Relationships

The Ugly, The Bad And The Good Of Being Perpetually Single

by Elizabeth Hurd

We all know what being perpetually single means.

A perpetually-single person is someone who is never in a relationship.

This person has managed to skip over the awkward high school romances, and defied expectations by not meeting someone in college. They've always known the single life.

I'll admit it, I'm perpetually single. I have never been in a relationship (because, unfortunately, I've been told having a dream of dating Liam Payne doesn't count), so I know what being perpetually single is like.

I know that it has its ugly parts, its bad parts and its good parts.

Since I'm an eternal optimist and like to end things on a high note, I figured I'd turn the traditional "good, bad and ugly" formula on its head, and present to you all the ugly, bad and good of being perpetually single:

The Ugly.

Couples are everywhere, and they constantly remind you that you're single.

You see them holding hands while walking down the street. You see them flashing their engagement rings on Facebook. They're kissing and laughing and being so genuinely and sickeningly sweet.

Feelings of disdain and sadness bubble in your blood. Disdain because, really, do they have to shove their happiness in everyone's faces? And sadness because you realize that you don't have what they do, and you want it.

For a moment, you lose sight of the light at the end of the tunnel. You begin to question whether you will ever find the love those couples have, or if you're just destined to be a crazy old person who owns a ton of pets and whose house the neighborhood children avoid on Halloween (because there are obviously rumors that you're a witch/warlock).

Seeing couples makes you more acutely aware of your singleness and suddenly, being single isn't something that's fun and freeing, but instead perpetually lonely.

You're even jealous of your friends' flirting fails.

You constantly hear your friends' embarrassing flirting fails, and you feel bad for them, but you can't even find someone to flirt with, so they must be doing something right.

When you're perpetually single, there are definitely points in time when you start to wonder whether there's something wrong with you.

Why can't you find someone who is at least a little interested in you? What is it about you that is supposedly so repellent to people? What's even worse is that when you start to ask these questions, people are always so quick to jump up and say, "There's nothing wrong with you!

It's just that people are intimidated by someone who is smart/good-looking/funny/driven/confident/mature/enter-any-other-reassuring-compliment-here."

It's awfulLike, thanks for the compliments, but right now those are not what you want to hear. It just makes you feel like the vegan brownies at a bake sale; everyone knows you'd be good for them, but they don't really want you.

The Bad.

Everyone you know is waiting for you to show up with someone on your arm.

Your family constantly inquires (as casually and nonchalantly as they can) about whether or not you've been hanging out with anyone.

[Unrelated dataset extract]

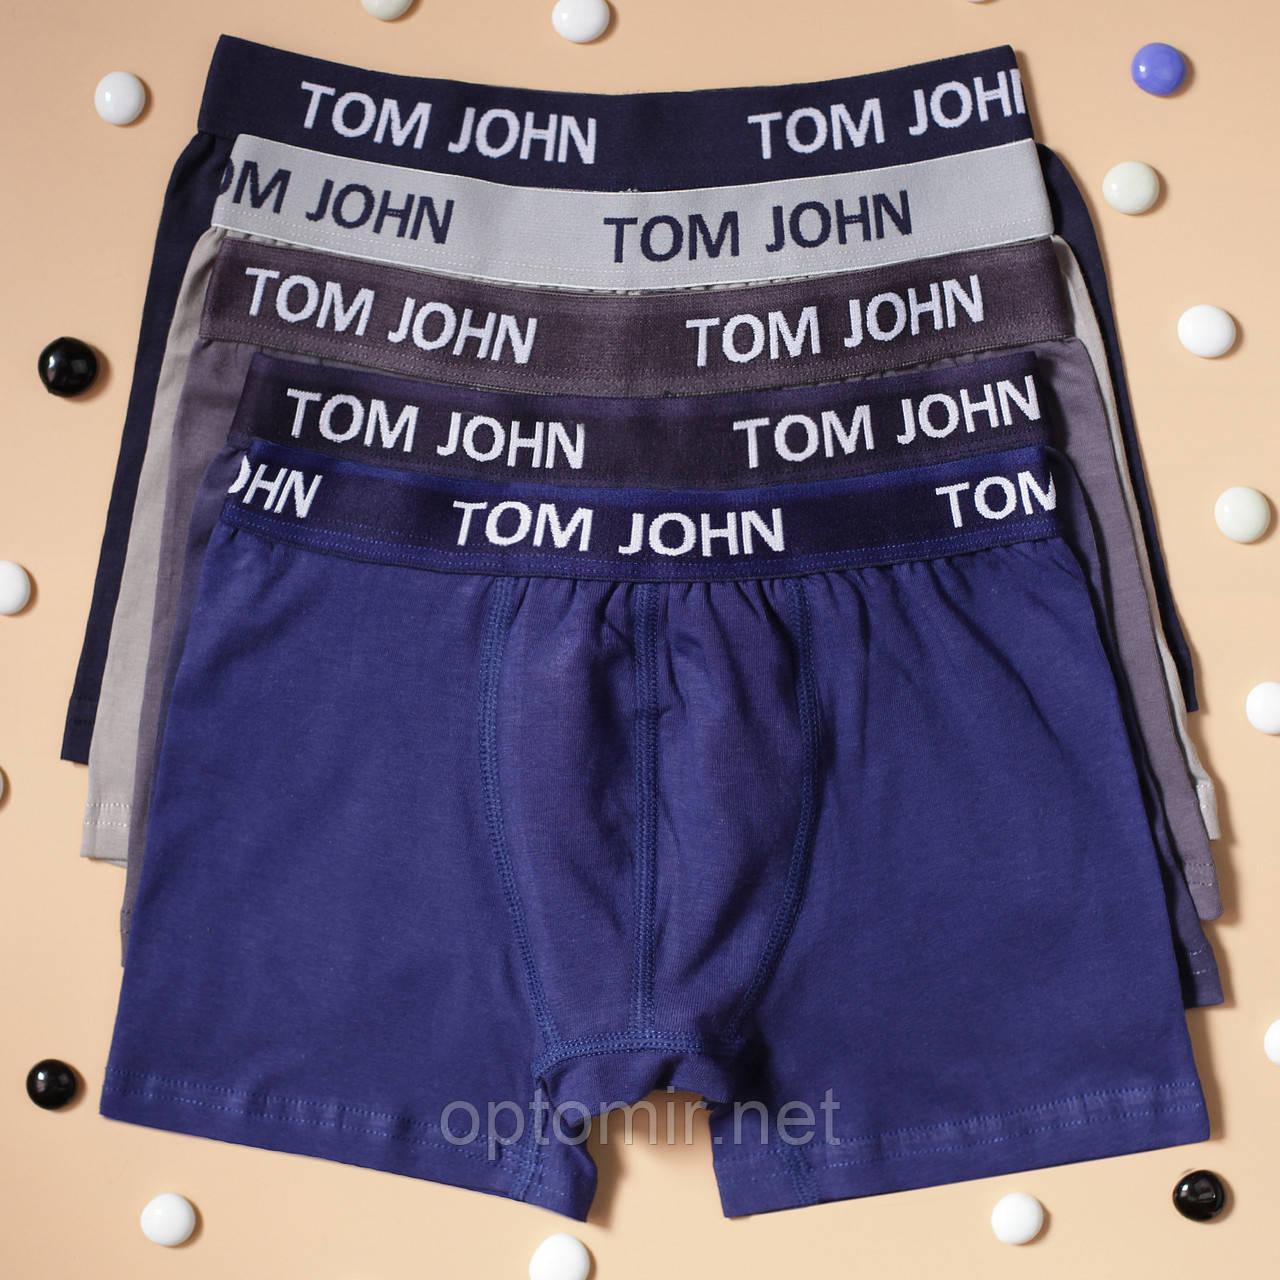 Детские трусы боксеры для мальчика Tom John (возраст: 2-3 года) | 5 шт.

You feel like your friends are trying to see if they have someone to set you up with. You just feel like your nonexistent love life is an empty habitat at a zoo, and people are always checking to see if the panda bears have been brought in yet.

You know they all mean well, but it's kind of annoying. They start to drop subtle hints to you, like when your cousin is getting married, and everyone wants to know if you'll be next (which you obviously won't be because in order for you to be next, the marriage would definitely have to be arranged).

Your mother suddenly begins to refer to what she would do "if" she had grandchildren, and not "when" (calm down Mom, you'll get grandchildren eventually).

When this happens, you can't help but feel a little bit of pressure to find someone before your family or friends sign you up for a five-year subscription to every dating site available (including Farmer's Only *shudder*).

You have good relationship advice for your friends, but they always take it with a grain of salt.

They discount your opinions on the subject of love because you've never been in a relationship, so how would you know things? (Like, seriously? You know things!)

It's obnoxious because you want to help your friends with their personal crises, but you feel like you can't. Your friends give off the vibe that they're not taking you seriously, simply because of your perpetual singleness.

The Good.

You can make big decisions without having to worry about a significant other.

If you want to pack up and go on a trip, you're the only person who needs to take time off. If you want to move to a new place, you don't have to be concerned about disrupting another person's life.

You can make big life changes, explore the world and go off on your own. Being single means you have so many opportunities in front of you, and you can take any of them you want.

You don't have to be practical if you don't want to. The adventure of life awaits, and you're going to explore it!

You're able to discover who you are without getting lost in someone else.

You're not forming part of your identity through someone else. You're making your own friends, find your own interests and shape your own future.

You have a good enough sense of yourself to know what you want. You know what your interests are. You have shaped yourself independently.

By the time you find someone else, you're mature enough to handle it.

You know it'd be awesome to marry that person, but you also know that you wouldn't be completely lost if things didn't work out.

You've been able to do you, find you and be you.